Systran MT/TM integration
By Jean Senellart
Director Research and Development,
SYSTRAN
Get the List of 4,500+ Translation Agencies Now! No Recurring Membership Fees!
With the longest history
of any MT developer in the world, SYSTRAN, founded
in 1968, has an R&D investment measured in thousands
of person years. From the beginning, SYSTRAN’s development
has been deeply rooted in linguistics and the system
still remains in constant evolution. The translation
engines, linguistic resources and user-interactive
customization tools are in step with the latest computing
standards and new development techniques, as the company
is always working on introducing innovative linguistic
advancements.
SYSTRAN’s goal is to better describe
languages, the gateway to continue improving the quality
of automatic translation.
Today SYSTRAN is the market leading
provider of language translation software products
and solutions for the desktop, enterprise, and Internet
that facilitate communication in 52 commercially
available language pairs and in 20 vertical domains.
Almost 20 additional language pairs have been developed
for specific projects or customers.
SYSTRAN is the choice of leading global
corporations, portals that include AltaVista™, Apple,
Google™, Yahoo!®, and governmental institutions throughout
the world like the US Intelligence Community. Use
of SYSTRAN products and solutions enhances multilingual
communication and increases user productivity and
time-savings for B2E, B2B, and B2C market segments
as they deliver real-time language solutions.
Although there is a wide spectrum
of SYSTRAN products and solutions to choose from,
each allows users to instantly translate any written
text for gisting (understanding the general idea of
what is written, such as quick understanding of foreign
language Web content) and for publishing (near-perfect
translations that also require post-editing, like
user guides, technical support content, and other
common localization projects).
When used for publishing purposes,
professional users often combine MT and TM’s (translation
memories). The simpler integration applies TM’s
first, and MT on “no match” segments as a default
translation. A richer approach uses TM’s and, more
generally user feedback, to supply MT resources.
It is in the context of the second
approach that we provide an overview of how SYSTRAN’s
translation engines work, highlighting the importance
of the linguistic descriptions, how existing TM’s
can be reused to customize the translation engines,
and available tools for managing Translation Memory
and User Terminology within a translation workflow
based on MT.
LINGUISTICS AND THE
IMPORTANCE OF DESCRIBING LANGUAGES
Two key elements distinguishing SYSTRAN’s
MT system from the others are that it’s an incremental
system and is deterministic.
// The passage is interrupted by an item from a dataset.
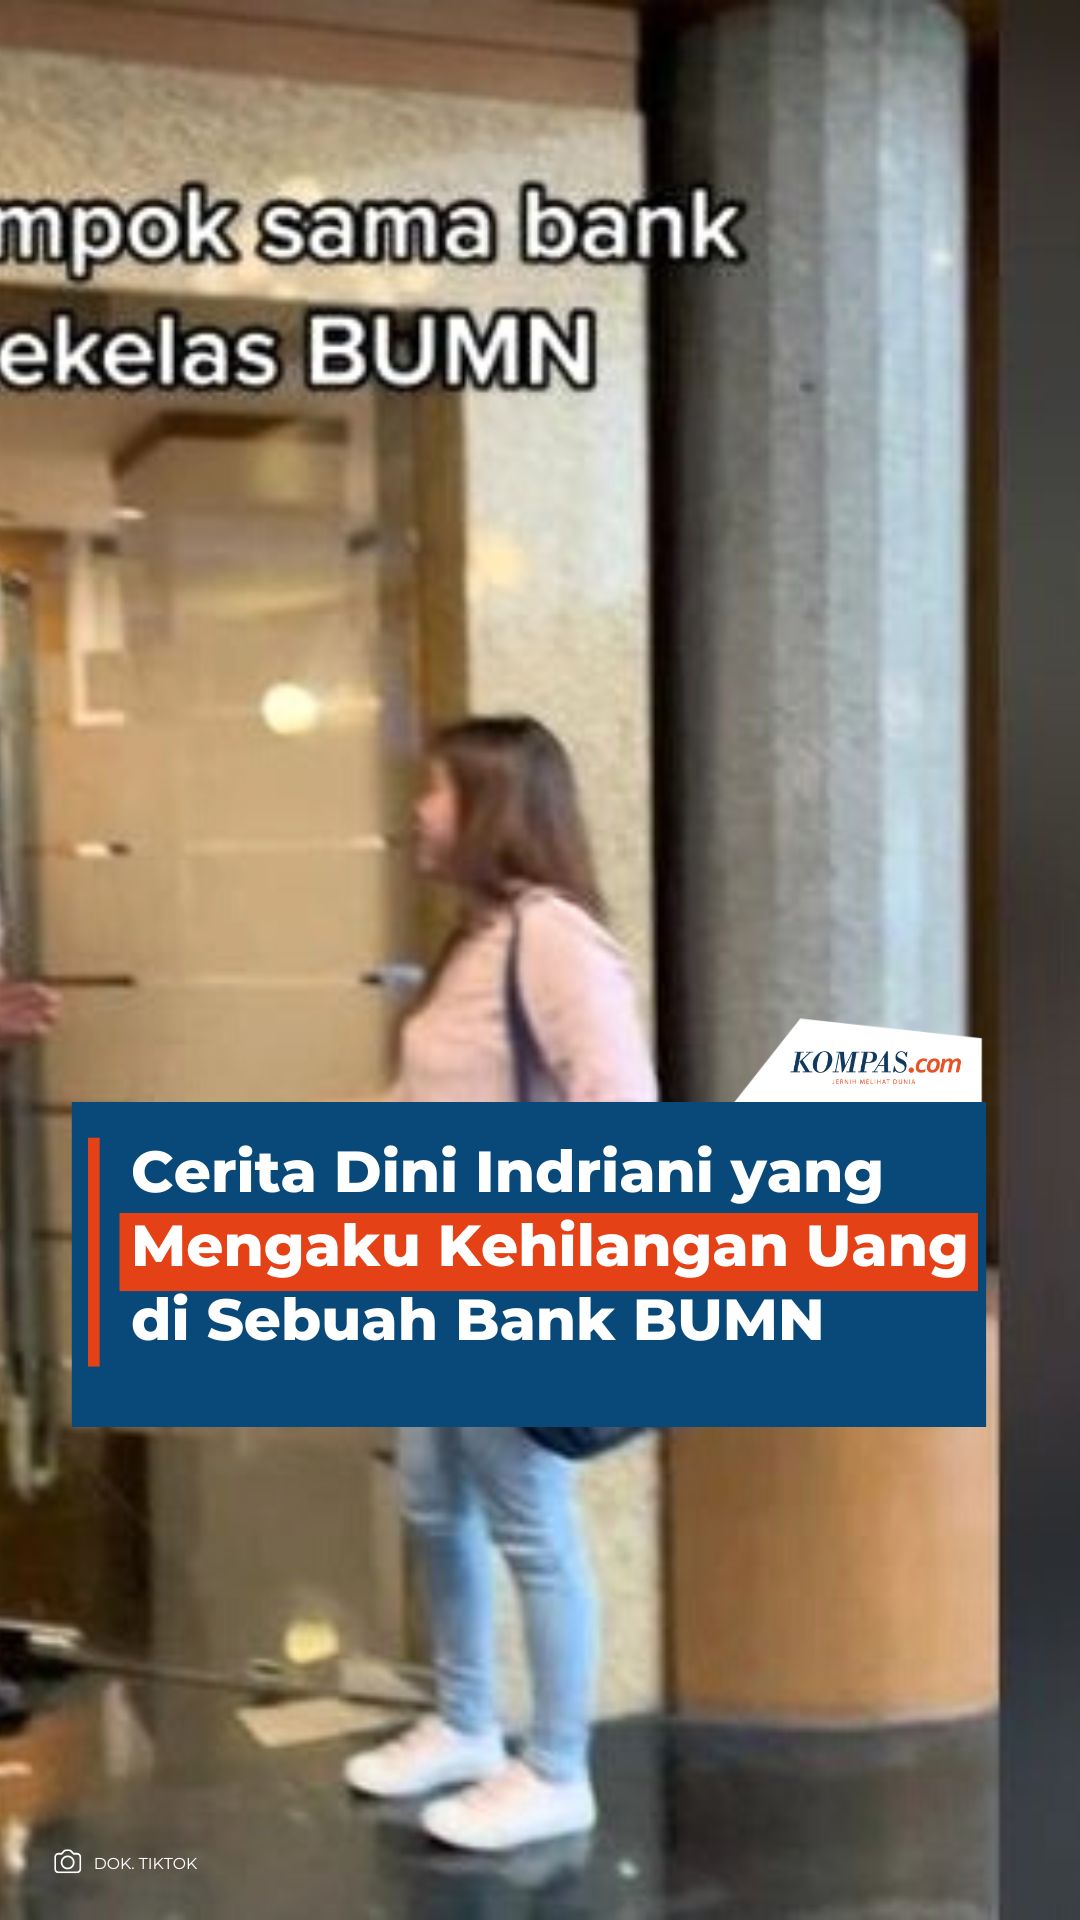 Cerita Dini Indriani yang Mengaku Kehilangan Uang di Sebuah Bank BUMN

The system is designed
to produce incremental translation quality results
between versions which can be easily validated by
users. Additionally, the system produces deterministic
output, meaning the results are consistent and based
on available resources. As a result, users are able
to interact with the system to modify results by customizing
linguistic resources.
It all starts with the three types
of linguistic descriptions provided for each language
pair (source language to target language) implanted
in the system: Analysis, Transfer, and Generation.
The following diagram illustrates
the process for translating a source language sentence
into a target language sentence. The deeper the source
language analysis, the smaller the transfer will be
(and the smaller the effort to build new language
pairs).
1.
The description of the source language, also referred
to as the analysis is composed of the following analyses:
• Global Document Analysis
considers the input text as one unit and performs
several rounds of analysis that identify important
elements that help describe the source language. These
include language identification at the paragraph level,
the named entities (such as dates and proper nouns)
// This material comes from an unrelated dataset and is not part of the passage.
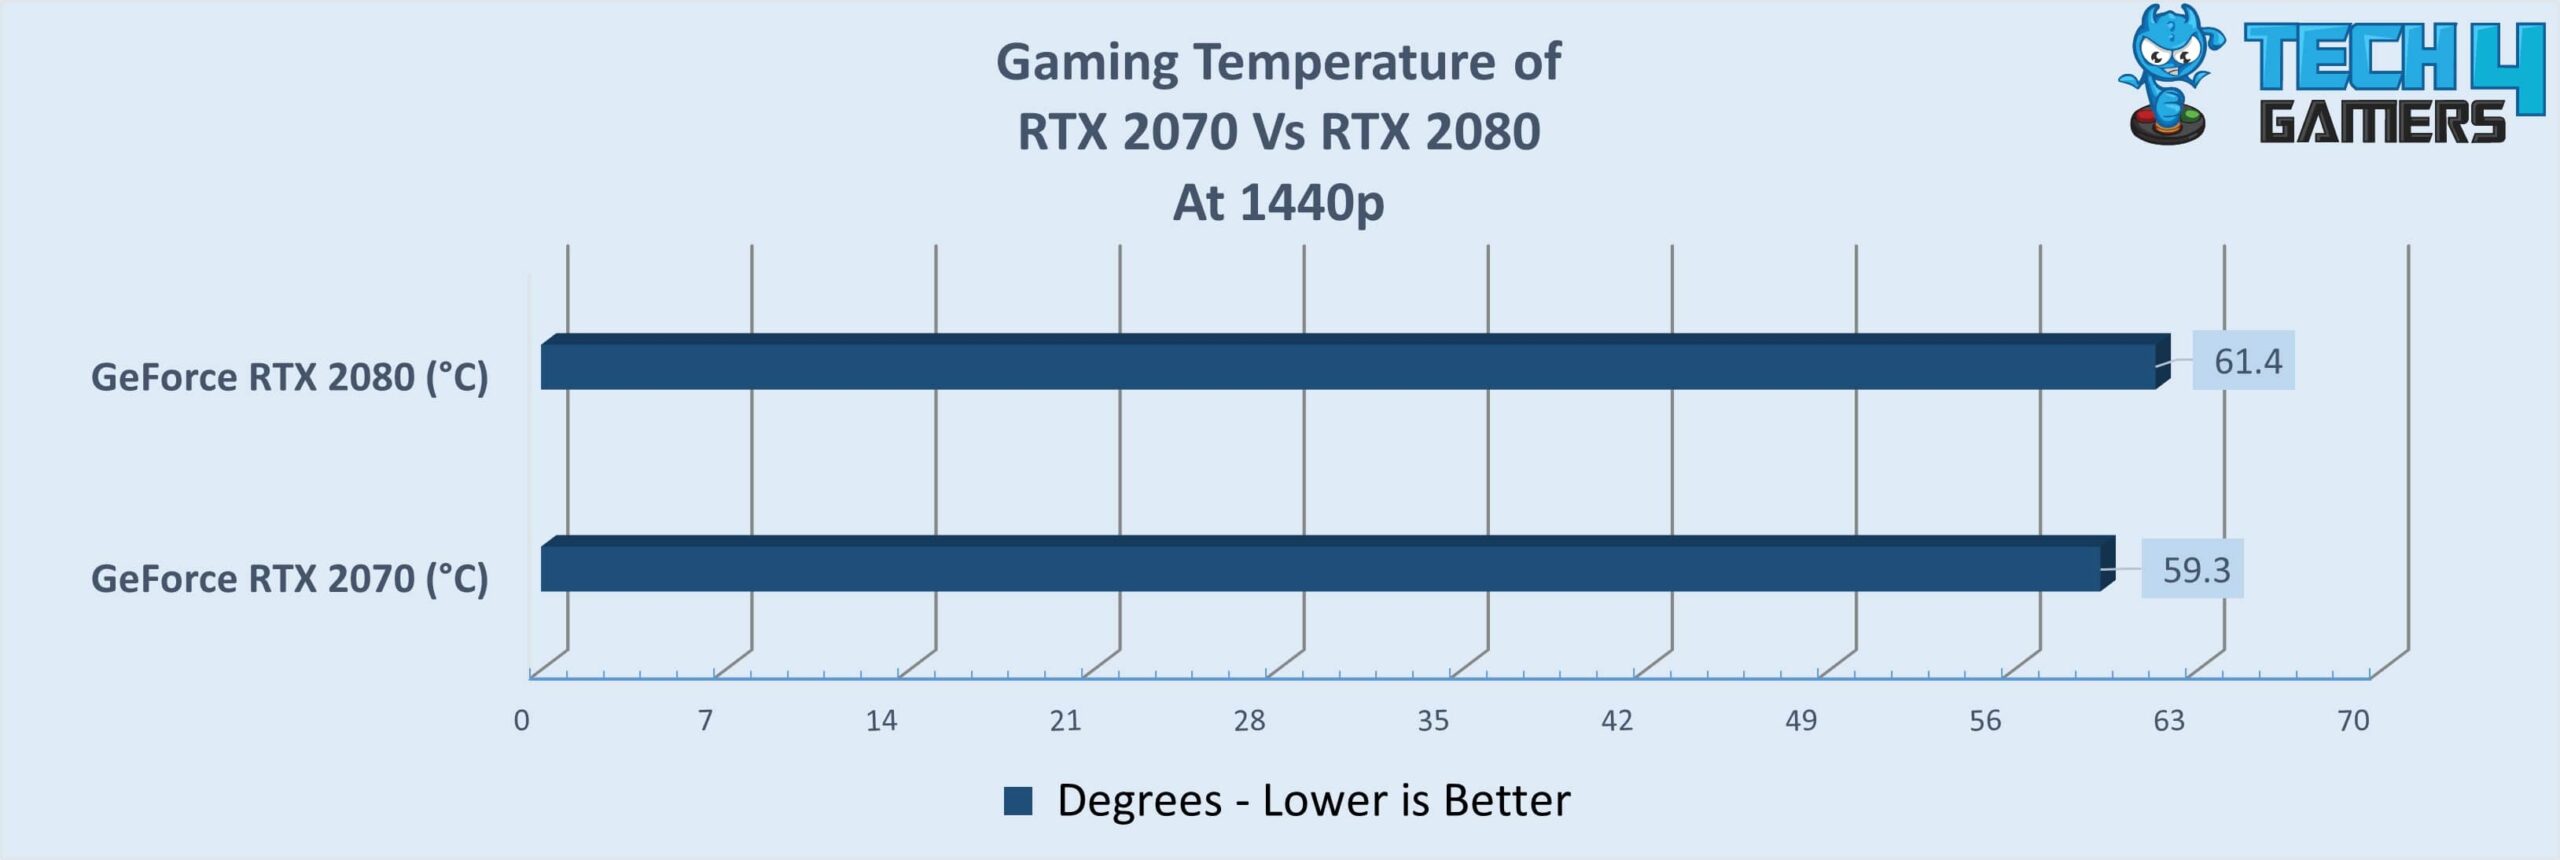 Gaming Temperature

that define the local terminology, and subject detection
of the document which enables the system to automatically
select preferred meanings by domain.
• Grammatical Analysis
provides the system with the data required to create
the internal representation of each by displaying
the complete linguistic structure of each sentence.
Included are part of speech for each word, the syntagm
to which they belong, the relationship between different
entities, and the function of main elements (verb,
object, subject, and complement). This deep description
builds a hierarchical representation of the dependencies
between the different elements.
The system’s analysis involves several
rounds represented by a sequence, each of which has
several dependencies to other components, including:
• Sentence segmentation – identification
of sentences in the text
• Normalization of the languages
• Morphological analysis
• Grammatical Disambiguation
• Clause identification
• Basic local relationships
• Enumeration analysis
• Predicate/Subject analysis
• Preposition Rattachement
• Semantic Analysis of the different words used
in context allows the system to automatically tag
words with associated semantic features that are
used in a later part of the process.
2. The description of the transfer from the source
language to target language focuses on the transfer
of structures and the transfer of the lexicon. It
is the only description dependent on both the source
and target languages. For instance, the internal analysis
of the previous sentence is transferred (from English
to German) into the structure represented in following
figure.
3. The description of the target language also referred
to as the generation.
These three linguistic descriptions are based on
linguistic resources; monolingual for the analysis
and generation or bilingual for the transfer. There
are two primary types of resources: rules and dictionaries.
Dictionaries describe individual terminological units.
Rules generalize these descriptions while providing
high-level descriptions of linguistic phenomena.
Typically linguistic resources are very large, and
for some language pairs can reach up one million entries.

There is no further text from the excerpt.